[Prompt]
Somewhere below, one line contains "Mixed Purple-Yellow Pansy Garden Wallpaper" and a later line contains "Molecular Organization of". Output those two lines and everything between them exactly, and nothing else.

[Supplied records]
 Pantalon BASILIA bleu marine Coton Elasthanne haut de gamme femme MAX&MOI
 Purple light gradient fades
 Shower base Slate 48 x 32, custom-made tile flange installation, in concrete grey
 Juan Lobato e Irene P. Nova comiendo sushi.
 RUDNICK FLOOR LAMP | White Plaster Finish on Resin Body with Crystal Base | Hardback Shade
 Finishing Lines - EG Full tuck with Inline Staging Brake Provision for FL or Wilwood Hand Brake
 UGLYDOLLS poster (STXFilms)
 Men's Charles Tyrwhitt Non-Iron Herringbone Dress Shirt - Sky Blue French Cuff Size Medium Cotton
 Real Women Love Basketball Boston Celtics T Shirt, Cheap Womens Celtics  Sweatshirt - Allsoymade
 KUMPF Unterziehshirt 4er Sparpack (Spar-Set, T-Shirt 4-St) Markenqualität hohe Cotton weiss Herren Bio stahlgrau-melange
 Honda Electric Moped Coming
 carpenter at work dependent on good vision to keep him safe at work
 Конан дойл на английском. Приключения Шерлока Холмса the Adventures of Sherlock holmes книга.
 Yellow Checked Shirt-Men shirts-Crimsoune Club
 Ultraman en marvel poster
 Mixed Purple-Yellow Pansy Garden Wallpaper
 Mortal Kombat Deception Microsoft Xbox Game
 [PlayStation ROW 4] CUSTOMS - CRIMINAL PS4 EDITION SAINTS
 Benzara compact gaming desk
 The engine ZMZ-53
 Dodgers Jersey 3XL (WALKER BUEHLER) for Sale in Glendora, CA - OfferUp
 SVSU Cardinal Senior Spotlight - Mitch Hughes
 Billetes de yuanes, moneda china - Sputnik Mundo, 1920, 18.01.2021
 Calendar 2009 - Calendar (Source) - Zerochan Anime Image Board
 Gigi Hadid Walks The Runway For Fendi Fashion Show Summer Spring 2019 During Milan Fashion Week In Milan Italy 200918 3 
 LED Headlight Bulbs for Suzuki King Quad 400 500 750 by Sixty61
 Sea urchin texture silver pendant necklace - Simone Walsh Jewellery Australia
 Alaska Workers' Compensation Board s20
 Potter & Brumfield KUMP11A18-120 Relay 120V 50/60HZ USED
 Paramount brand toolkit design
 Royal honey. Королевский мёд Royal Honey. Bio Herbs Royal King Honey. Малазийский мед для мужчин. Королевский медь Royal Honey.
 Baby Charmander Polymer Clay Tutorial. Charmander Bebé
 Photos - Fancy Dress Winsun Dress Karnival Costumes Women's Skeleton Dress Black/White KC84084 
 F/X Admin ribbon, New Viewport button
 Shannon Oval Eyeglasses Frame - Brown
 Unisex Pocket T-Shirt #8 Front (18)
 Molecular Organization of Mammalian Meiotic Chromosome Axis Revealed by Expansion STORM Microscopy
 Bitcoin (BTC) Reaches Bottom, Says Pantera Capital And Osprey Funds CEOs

[Solution to this problem]
 Mixed Purple-Yellow Pansy Garden Wallpaper
 Mortal Kombat Deception Microsoft Xbox Game
 [PlayStation ROW 4] CUSTOMS - CRIMINAL PS4 EDITION SAINTS
 Benzara compact gaming desk
 The engine ZMZ-53
 Dodgers Jersey 3XL (WALKER BUEHLER) for Sale in Glendora, CA - OfferUp
 SVSU Cardinal Senior Spotlight - Mitch Hughes
 Billetes de yuanes, moneda china - Sputnik Mundo, 1920, 18.01.2021
 Calendar 2009 - Calendar (Source) - Zerochan Anime Image Board
 Gigi Hadid Walks The Runway For Fendi Fashion Show Summer Spring 2019 During Milan Fashion Week In Milan Italy 200918 3 
 LED Headlight Bulbs for Suzuki King Quad 400 500 750 by Sixty61
 Sea urchin texture silver pendant necklace - Simone Walsh Jewellery Australia
 Alaska Workers' Compensation Board s20
 Potter & Brumfield KUMP11A18-120 Relay 120V 50/60HZ USED
 Paramount brand toolkit design
 Royal honey. Королевский мёд Royal Honey. Bio Herbs Royal King Honey. Малазийский мед для мужчин. Королевский медь Royal Honey.
 Baby Charmander Polymer Clay Tutorial. Charmander Bebé
 Photos - Fancy Dress Winsun Dress Karnival Costumes Women's Skeleton Dress Black/White KC84084 
 F/X Admin ribbon, New Viewport button
 Shannon Oval Eyeglasses Frame - Brown
 Unisex Pocket T-Shirt #8 Front (18)
 Molecular Organization of Mammalian Meiotic Chromosome Axis Revealed by Expansion STORM Microscopy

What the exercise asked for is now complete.